This approach is helpful not only for the SSR but also for the search functionality in general because it allows to speed up the loading of search results.

More in general as well as the high number of REST requests, the SSR can introduce overhead, especially for resource-intensive apps that require heavy server-side processing or complex data computations. In such cases, SSR may strain server resources and slow down rendering.
To mitigate these issues, we should profile and optimize resource-intensive code by using a node monitoring tool.

from dspace-angular.

paulo-graca commented on August 10, 2024 1

Thank you @tdonohue. I agree, I'm proposing a big change that, perhaps, we can't add it easily to DS8 and DS7. I've also added a comment to #3231, I agree that it should be configurable.

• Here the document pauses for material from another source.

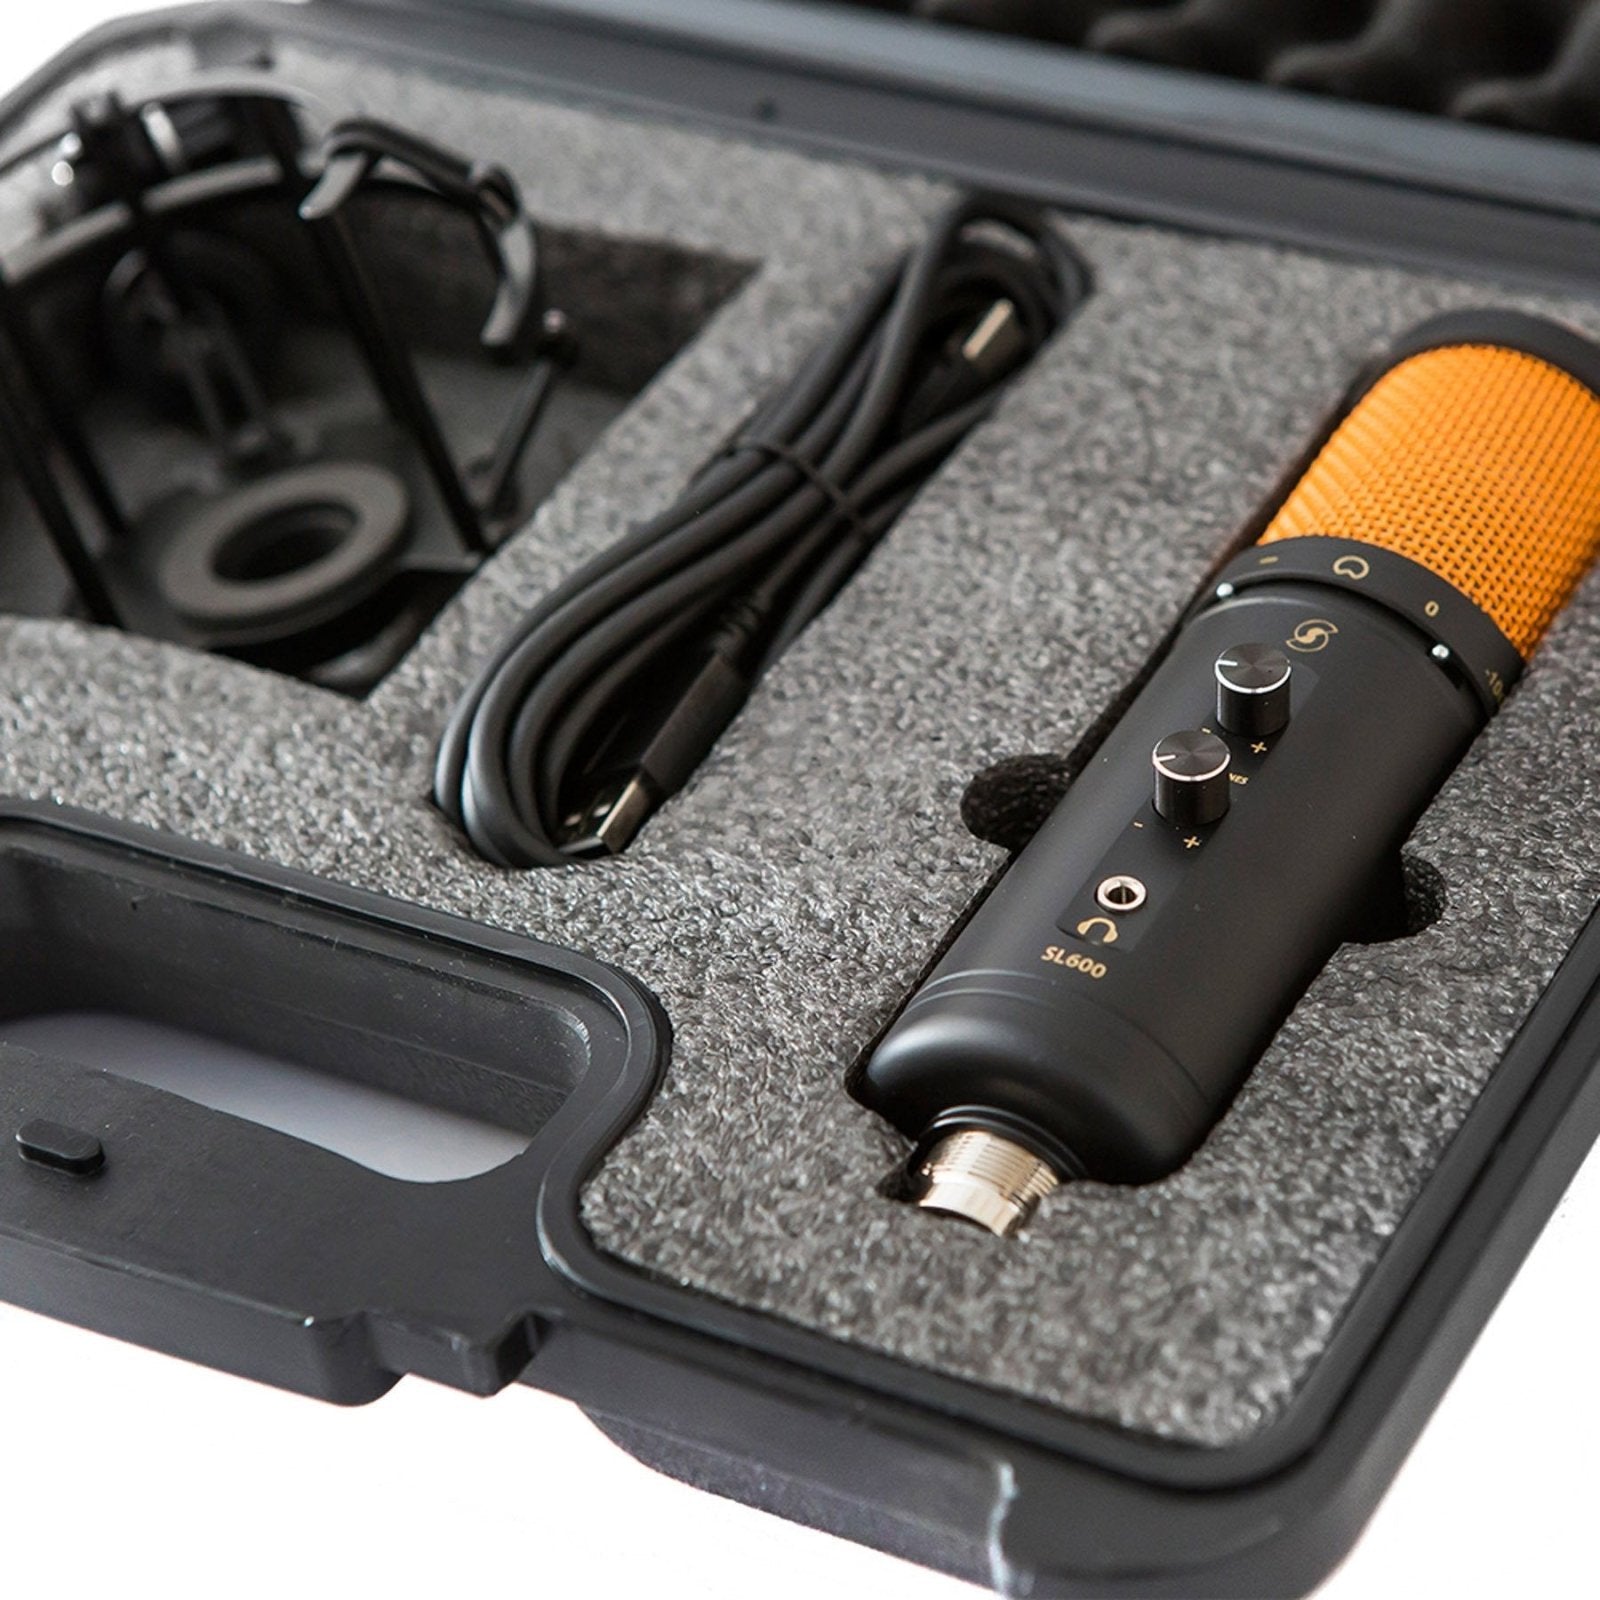 SL600 Condenser USB Microphone with Live Monitoring

My only point is that it matters in terms of SEO to have Search Results in SSR available for crawlers and also to Internet Archives out there.

from dspace-angular.

paulo-graca commented on August 10, 2024

I want to share that we felt the same described behavior when we went live with our first deployed DS7.

Currently, we are still experiencing constant CPU demand when comparing it to the previous version. Mainly on the Angular processes due to crawling or robots activity.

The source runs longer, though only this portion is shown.